On the other hand, Fig. 6 is that X-coordinate is represented the graphic representation of positive voltage application time (T) divided by the peak value (T/tc) that (tc) obtains time of arrival.Fig. 6 shows regardless of processed surface-area, applies the cycle at a round-robin positive voltage, and it is maximum that the duple point that mean current all is about peak time of arrival (tc) at positive voltage application time (T) reaches.

By above-mentioned result, confirmed that the suitable positive voltage application time of consideration processing speed and processing quality can be chosen based on peak time of arrival (tc), and no matter the quantity of workpiece and the surface-area of processing.

Fig. 7 to Figure 10 show respectively each positive voltage application time (T) in above-mentioned experiment locate by amperometric 44 and voltage-level detector 45 actual detected to current waveform A and voltage waveform V.In above-mentioned accompanying drawing, it is 1000 μ m and positive voltage application time (T) current waveform (A) and the voltage waveform V when being 480 μ m (corresponding to alternately repeating to apply positive voltage and remove the anodizing of electric charge in tentative circulation) that Fig. 7 shows when the cycle.Because the length of positive voltage application time (T) is about 16 times of peak time of arrival (tc) of 31 μ m of current waveform, thereby electric current a lot of time cycles of mobile have hardly been comprised.Yet the film thickness that obtains by five minutes anodizing is 6.0 μ m.

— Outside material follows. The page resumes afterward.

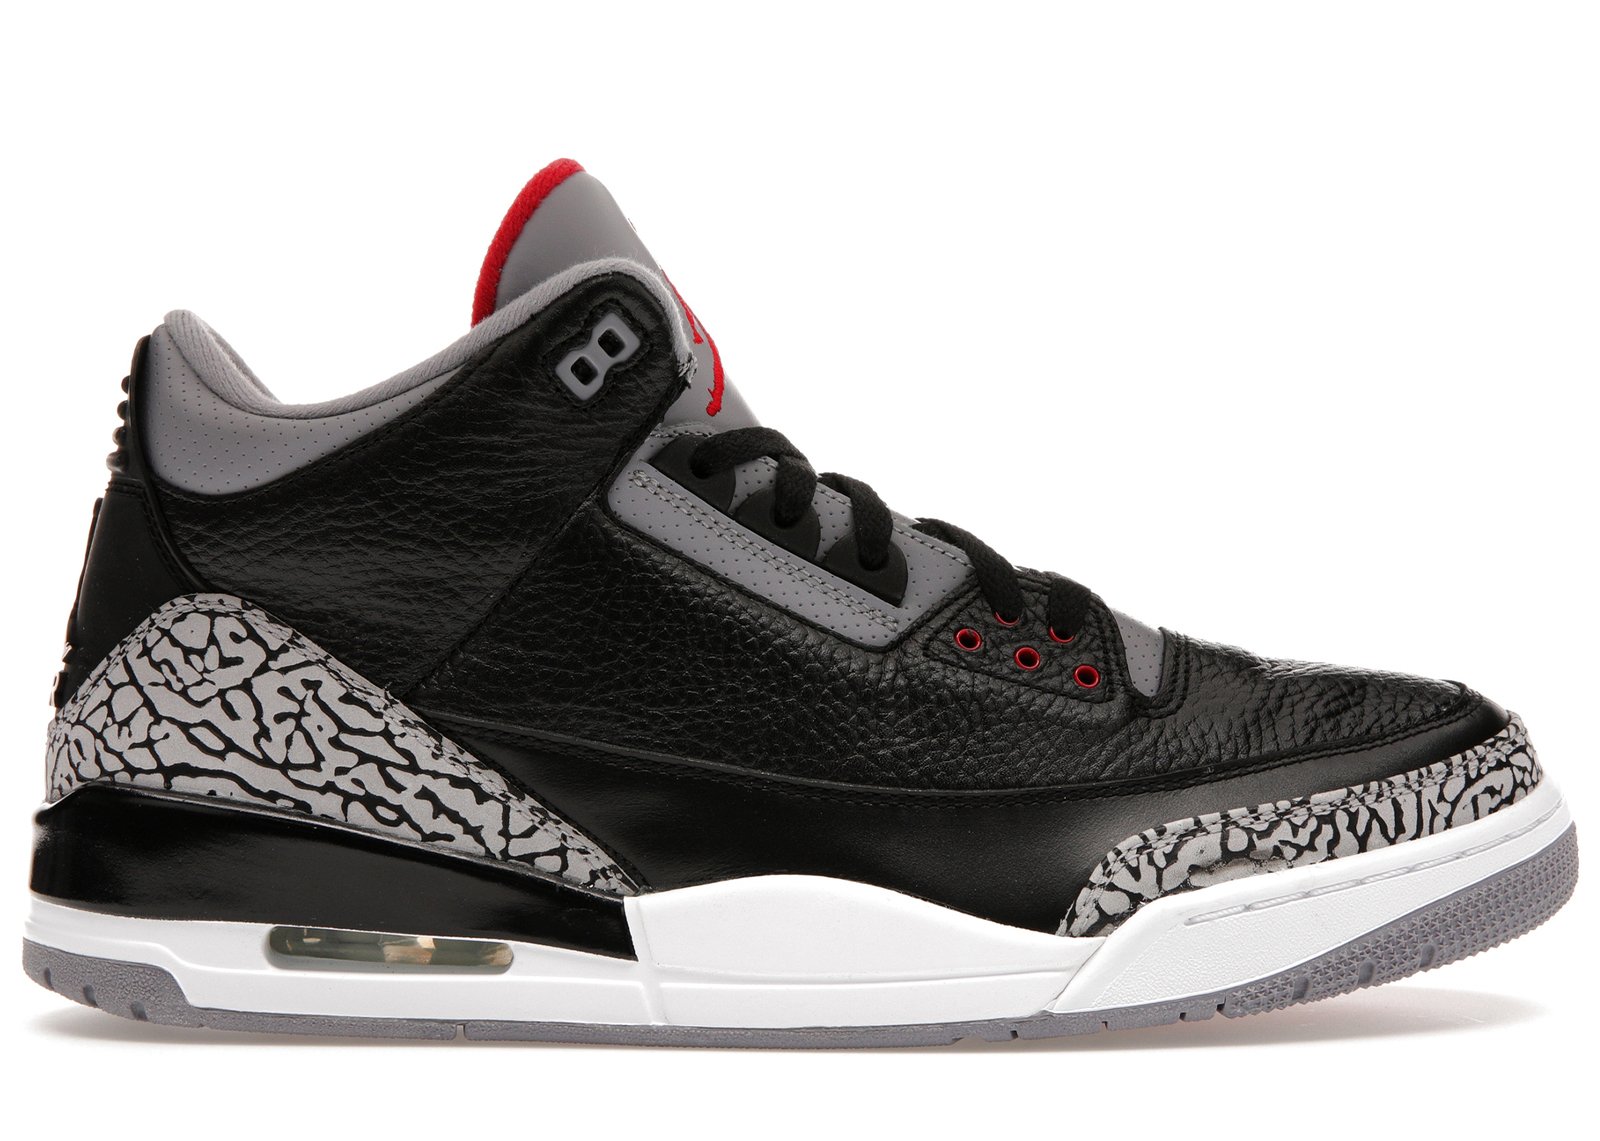 Jordan 3 Retro Black Cement (2011) sneakers

Fig. 8 shows anodized current waveform (A) and the voltage waveform V that carries out in the time will being set at 200 μ m the cycle and positive voltage application time (T) is set at 80 μ m (that is, 2.7 times of peak time of arrival (31 μ m)).That is to say that positive voltage is applied to 80 μ m (corresponding with T/tc=2.7) and locates to finish, and after the interval of 20 μ m, this process becomes the removal electric charge.In current waveform, there are not how much immobilising parts of electric current as shown in Figure 7.The film thickness that obtains by five minutes anodizing increases to 15.0 μ m.

Fig. 9 shows anodized current waveform (A) and the voltage waveform V that carries out in the time will being set at 143 μ m the cycle and positive voltage application time (T) is set at 51 μ m (that is, peak time of arrival 1.7 times).That is to say that though the peak value of current waveform passes through, positive voltage is applied to the T/tc=1.7 time that still has the capacity electric current and locates to stop, and after the interval of 20 μ m, this process becomes the removal electric charge, the shape approximation of waveform is in sinusoidal curve.The film thickness that obtains by five minutes anodizing reaches the maximum of 17.0 μ m.

Figure 10 shows anodized current waveform (A) and the voltage waveform V that will carry out in the time will being set at 100 μ m the cycle and positive voltage application time (T) is set at 30 μ m (peak time of arrival) no better than.That is to say that stop though positive voltage is applied to the some place of the peak value T/tc=1.0 of close current waveform, the film thickness that obtains by five minutes anodizing is 9.0 μ m.Because switch with the very short cycle, thereby compare, noise in voltage waveform, occurs with other embodiment.Yet, not bigger imbalance of current waveform, film character meets good experimental result.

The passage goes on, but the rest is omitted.